Would any other patient group be expected to accept this defence?

It is exactly the same as saying cancer diagnosis and treatment is based on a complex set of arrangements involving federal, state and territory governments, as well as private providers, so any concern over patients being denied the basic protection of PBS co-payments and safety-net needs to be set aside while the government takes two years to find a solution.

Cancer patients would not be expected to simply accept such a discriminatory arrangement. Would cancer advocacy groups accept being told to sit, wait and hope for a positive outcome and in the meantime face monthly uncapped and unregulated prescription charges of over $200 for their PBS-listed treatment? Of course, cancer patients face their own challenges, but they are not denied something every other Australian takes for granted and they would not be expected to simply accept it while the government takes two years to contemplate a solution.

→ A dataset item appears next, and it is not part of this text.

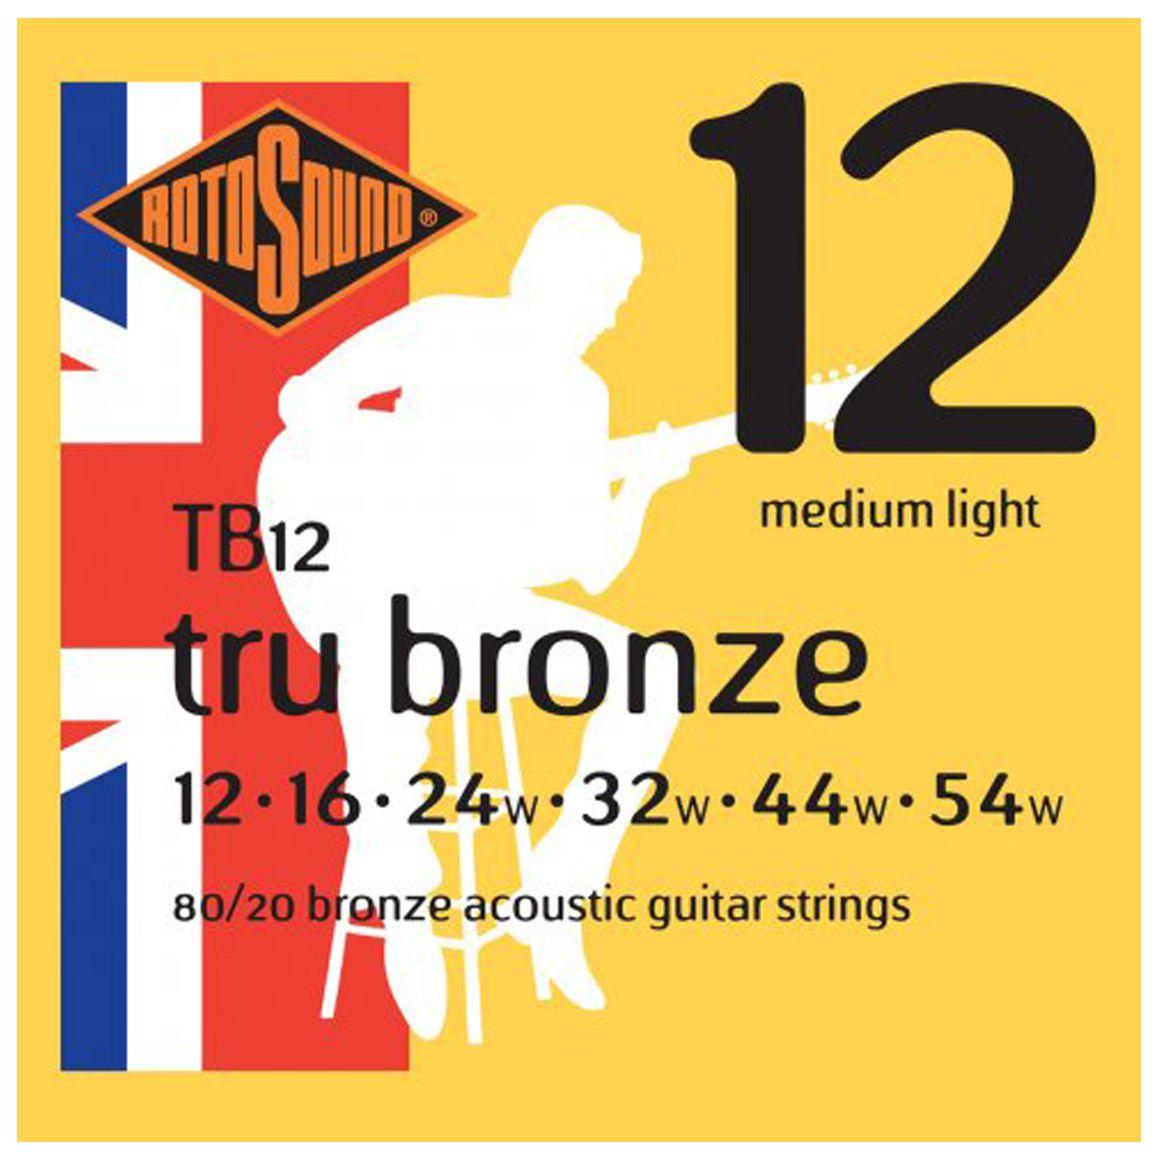 Bronze Yamaha Logo - TB12 Bronze 80 20 Bronze Acoustic Guitar Strings 12 54

In fairness to the officials, what other defence is possible given the apparent absence of a commitment for change? It was a buying time defence.

This entire situation is also the clearest evidence anyone needs of why advocacy is so important. The health system appears simply unresponsive in the absence of advocacy.

The ODTP arrangements have been in place for several decades. They have not even been legally enforced for many years, if at all, with the failure to lodge a legislative instrument.

It is hard not to draw the conclusion that the failure to properly administer this program, let alone make it work for patients, is related to the fact those impacted are amongst some of the most stigmatised and marginalised in Australia.

The deafening political silence of all but one senator might be the best indicator of this sad reality.

This group of patients has been given so little consideration over the years that when the issue was first raised at Senate Estimates, in October last year, Department of Health officials did not even know the details of the program they administer. Or, worse still, they did and pretended otherwise.

The recently announced post-market review is an inadequate response to these years of failure but does anyone really believe it would have happened in the absence of advocacy leading to scrutiny in the Senate?

Decision-making that reflects community expectation requires actual advocacy - not compromised government-funded 'consultation' and advocacy, but actual advocacy targeting elected politicians. 

In the absence of advocacy and scrutiny, the current arrangements for people trying to recover from opiate dependence would have almost certainly continued unscrutinised, possibly even without a legislative instrument with all the related consequences for patients, including preventable deaths. 

Governments and their officials often complain about stakeholders advocating for change. Sometimes they even vituperate groups in response to their advocacy. Yet surely the situation with the ODTP is evidence of why advocacy is so important because, in many cases, it is the only way to achieve change or at least the hope of change.